- [Exercise brief]: The expected output is the full data, repeated exactly, without pictures.

- [Raw data]:
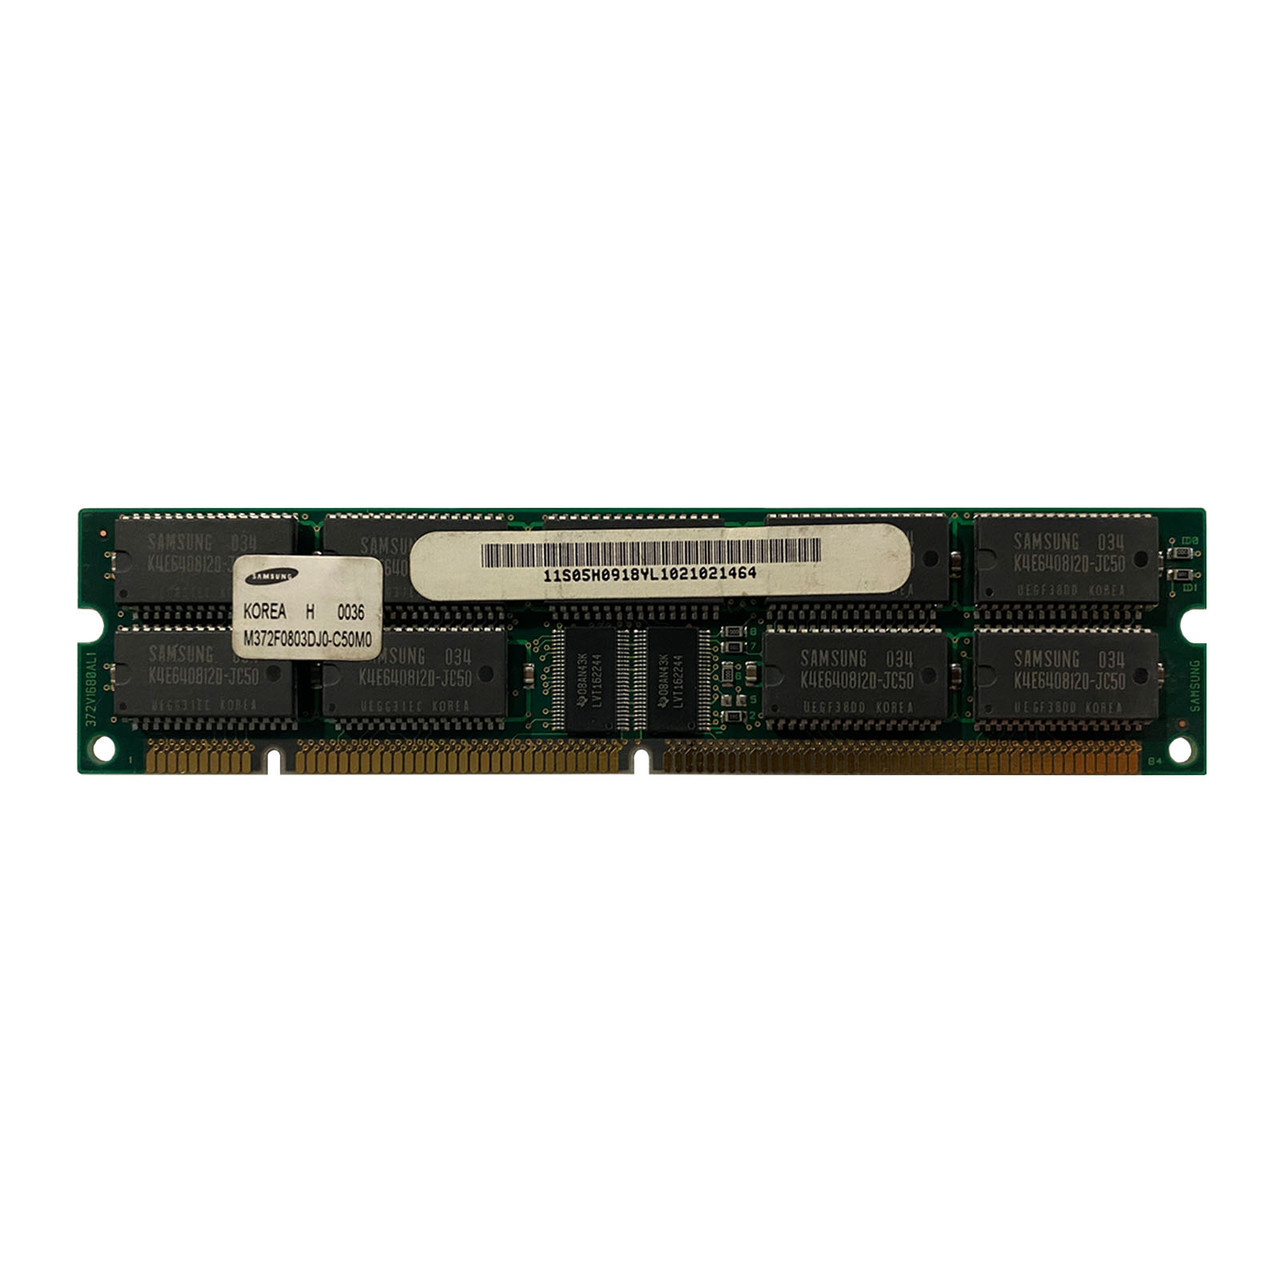 IBM 05H0918 32MB ECC Memory Module
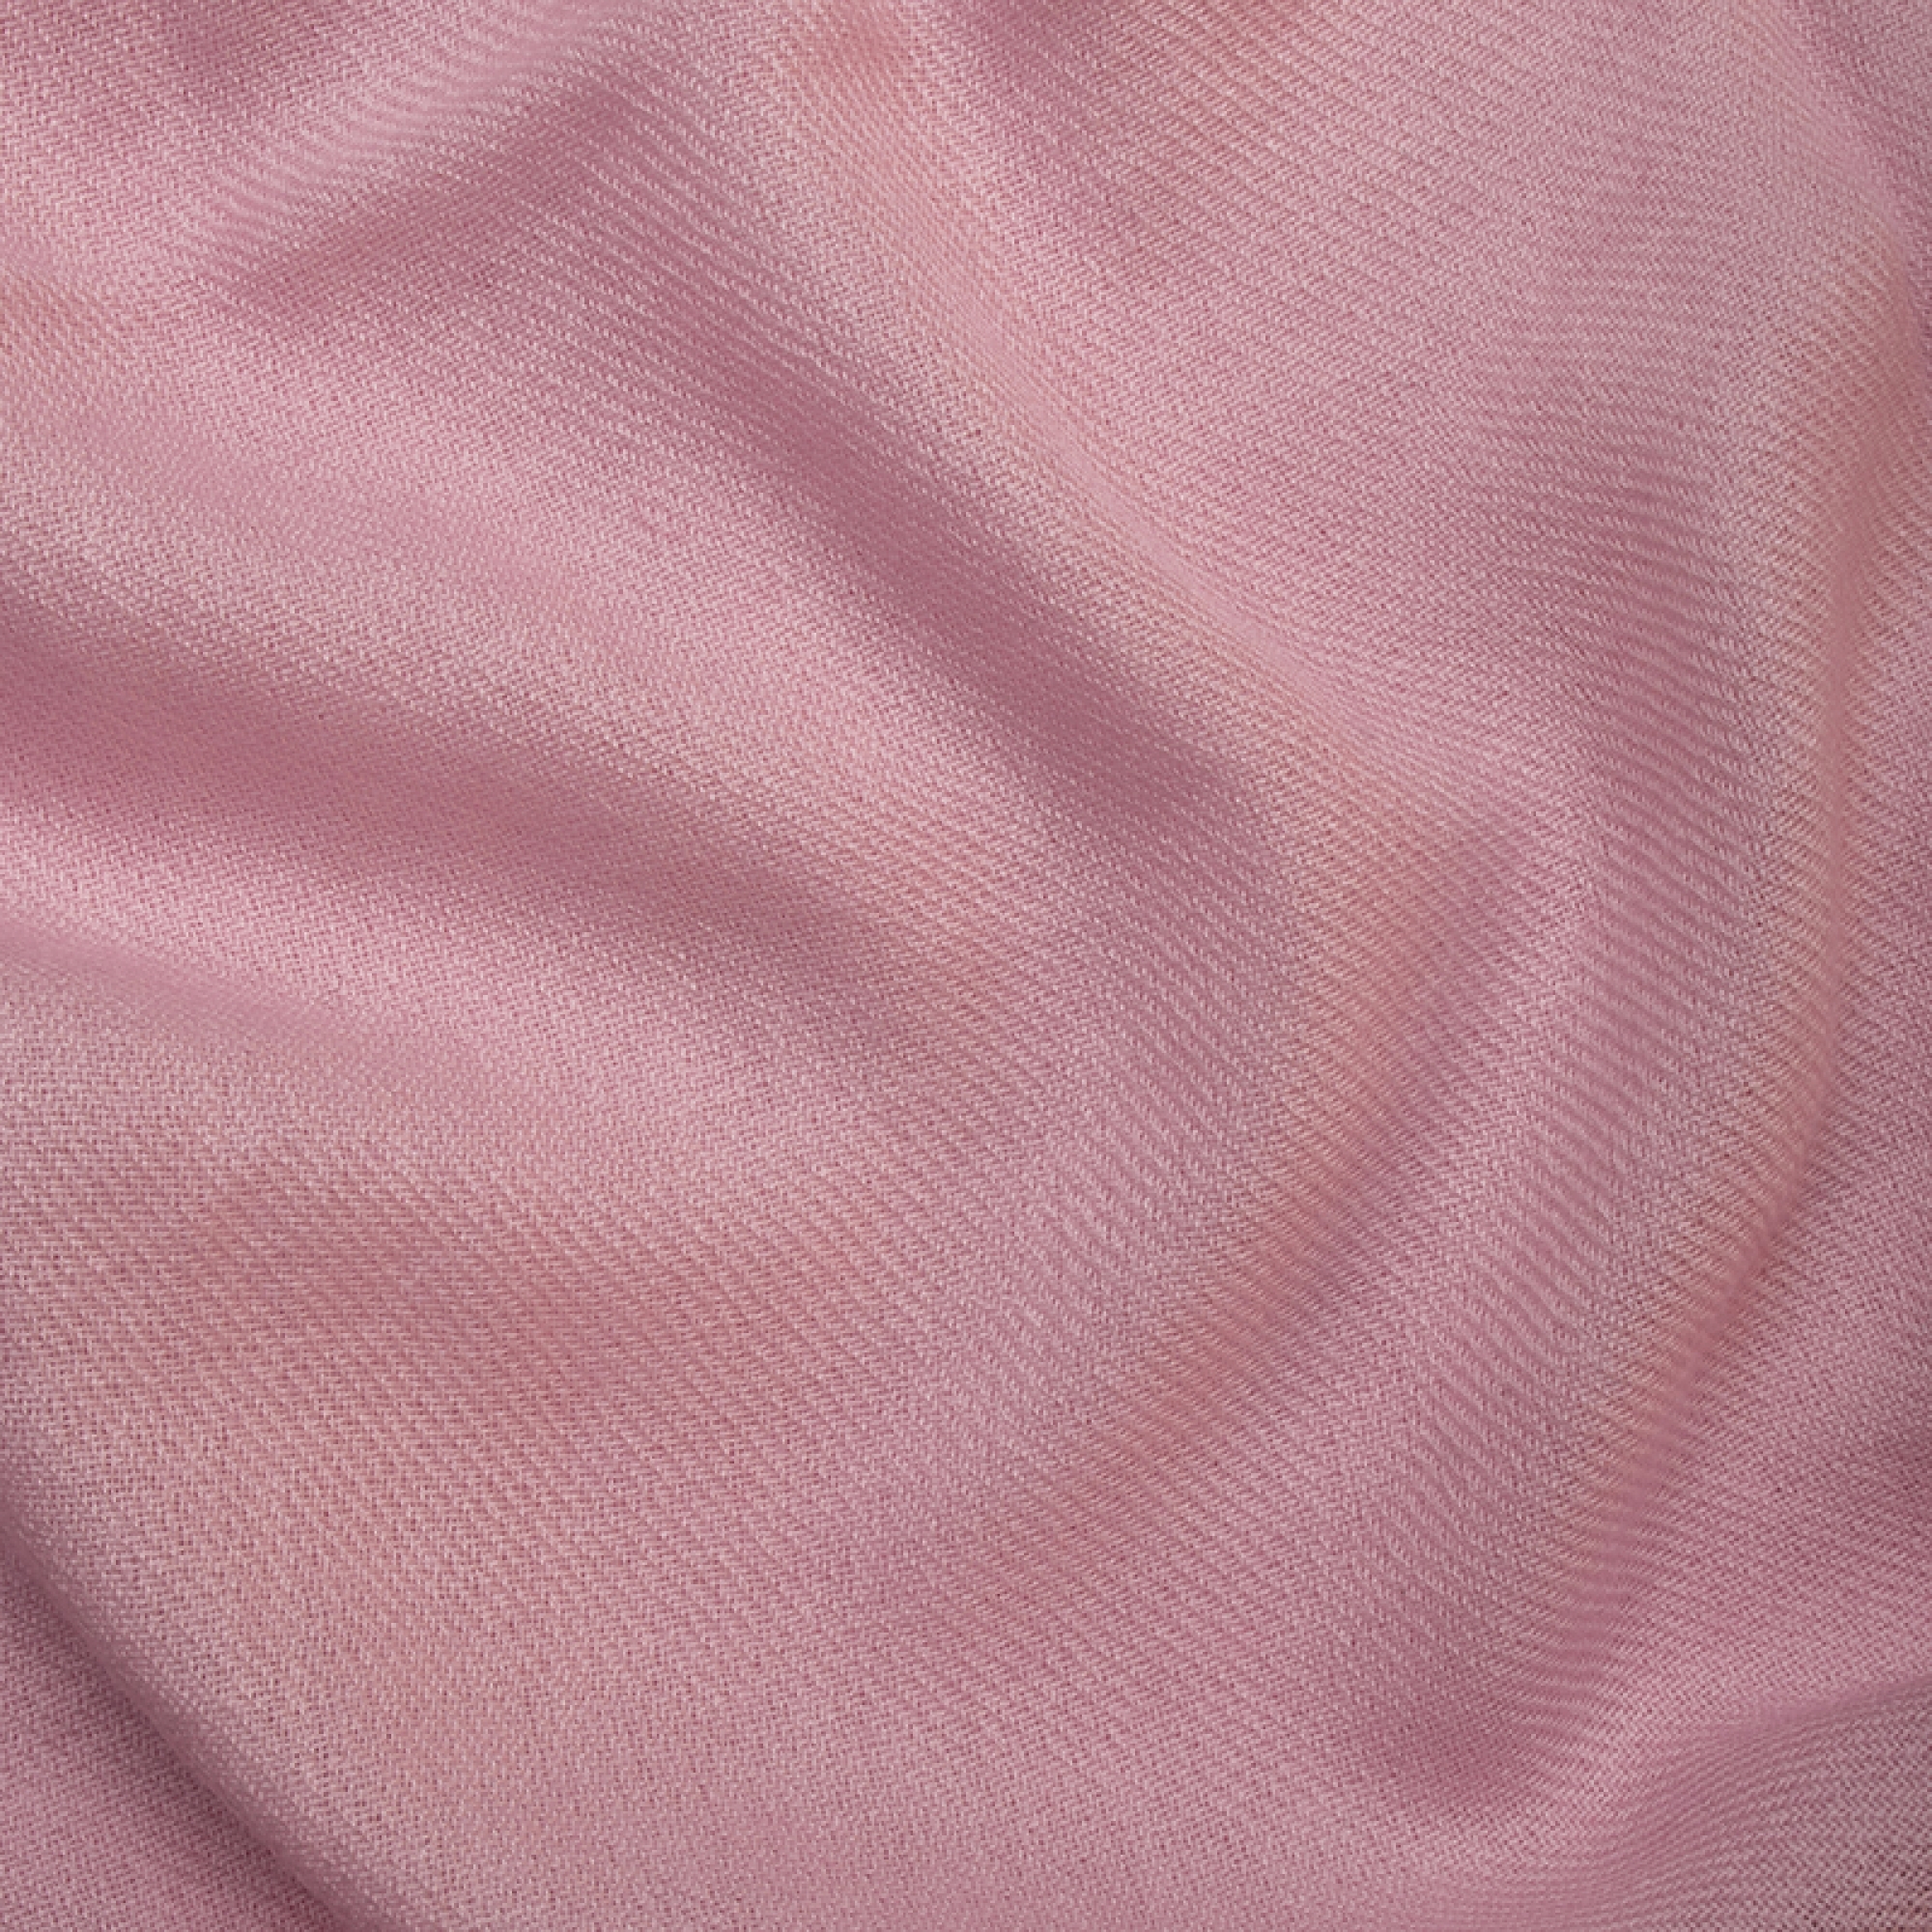 Cachemire accessoires couvertures plaids toodoo plain l 220 x 220 rose pale 220x220cm
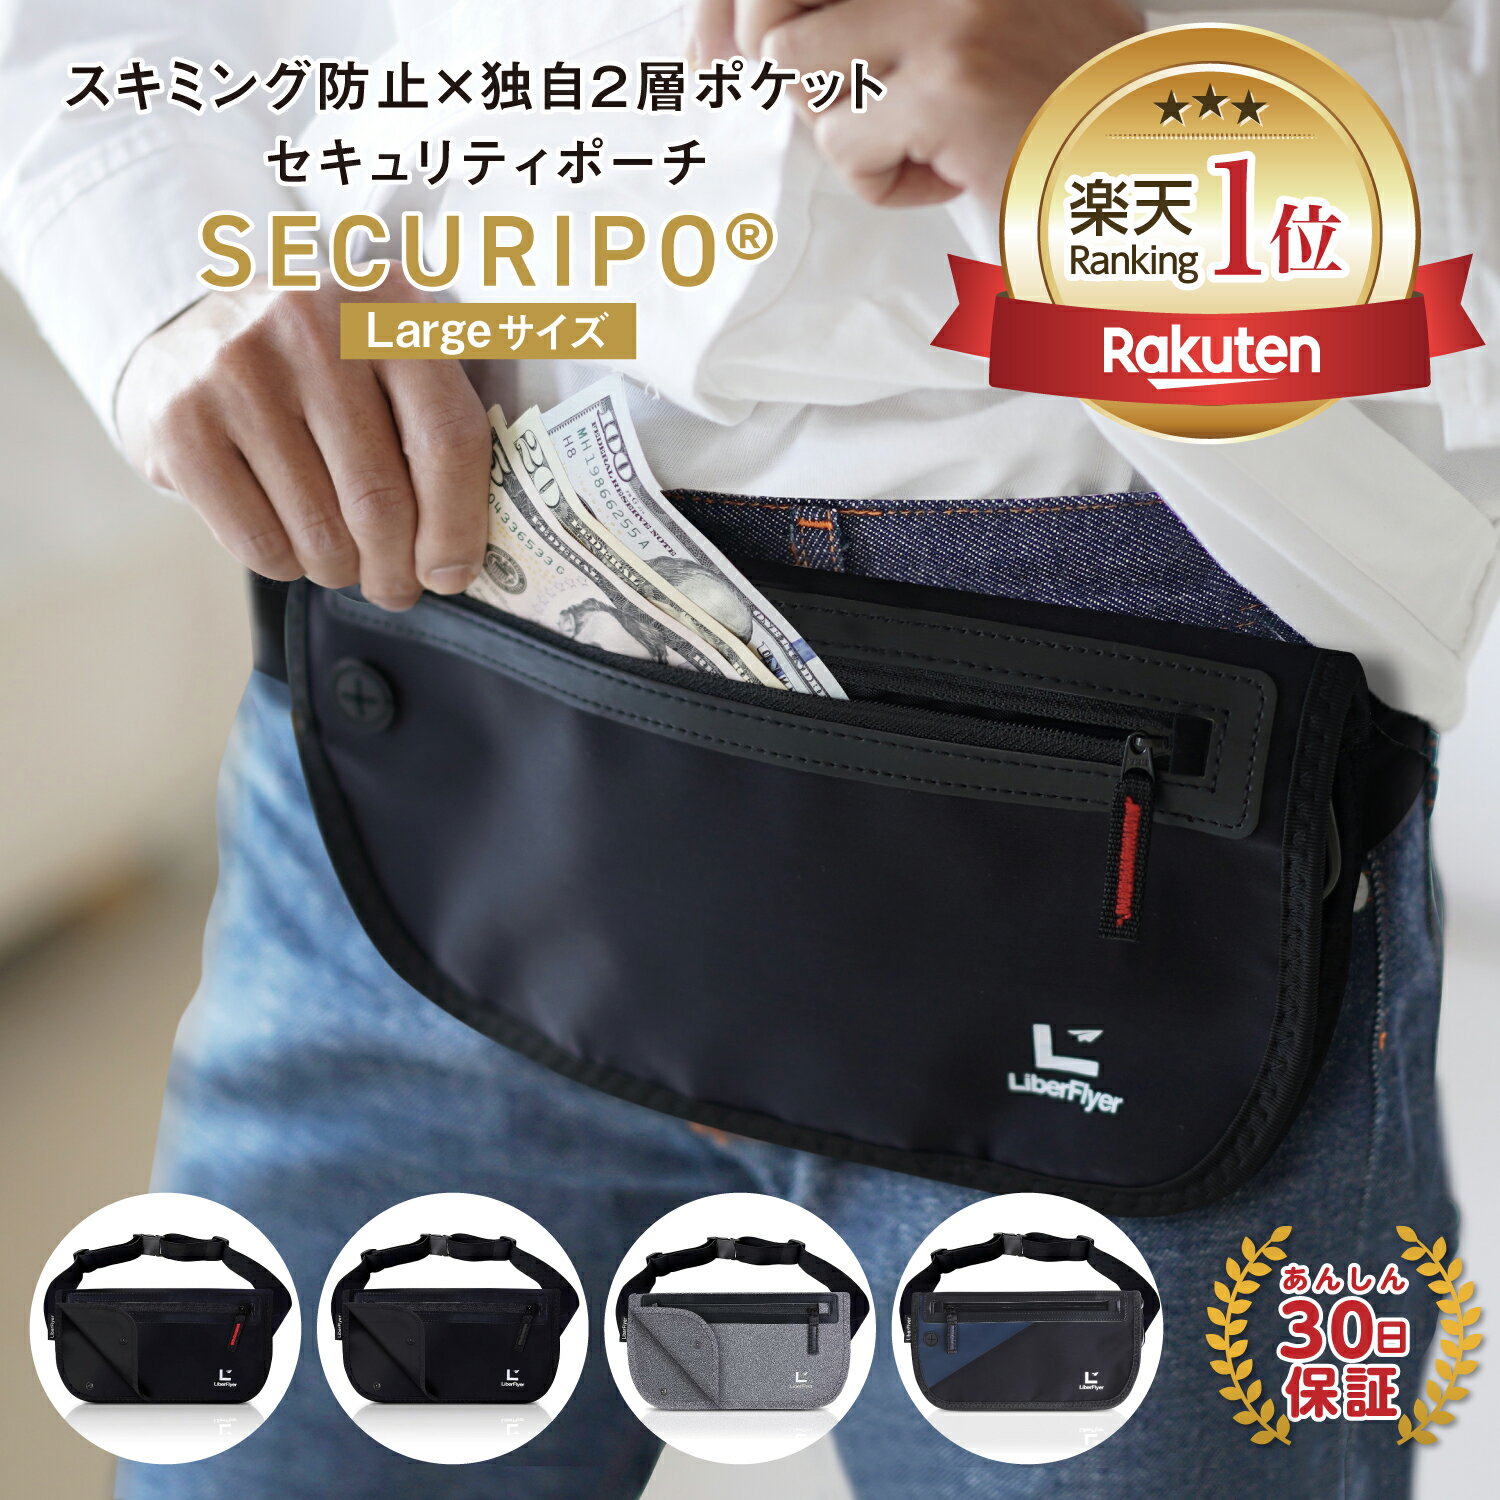 【公式】セキュリポ Lサイズ スマートに貴重品を守る×独自2層ポケット セキュリティポーチ スキミング防止 パスポートケース 海外旅行 財布 パスポートケース 貴重品 SECURIPO リバーフライヤー LiberFlyer（赤ジッパー）

- [Solution to the exercise]:
 IBM 05H0918 32MB ECC Memory Module
 Cachemire accessoires couvertures plaids toodoo plain l 220 x 220 rose pale 220x220cm
 【公式】セキュリポ Lサイズ スマートに貴重品を守る×独自2層ポケット セキュリティポーチ スキミング防止 パスポートケース 海外旅行 財布 パスポートケース 貴重品 SECURIPO リバーフライヤー LiberFlyer（赤ジッパー）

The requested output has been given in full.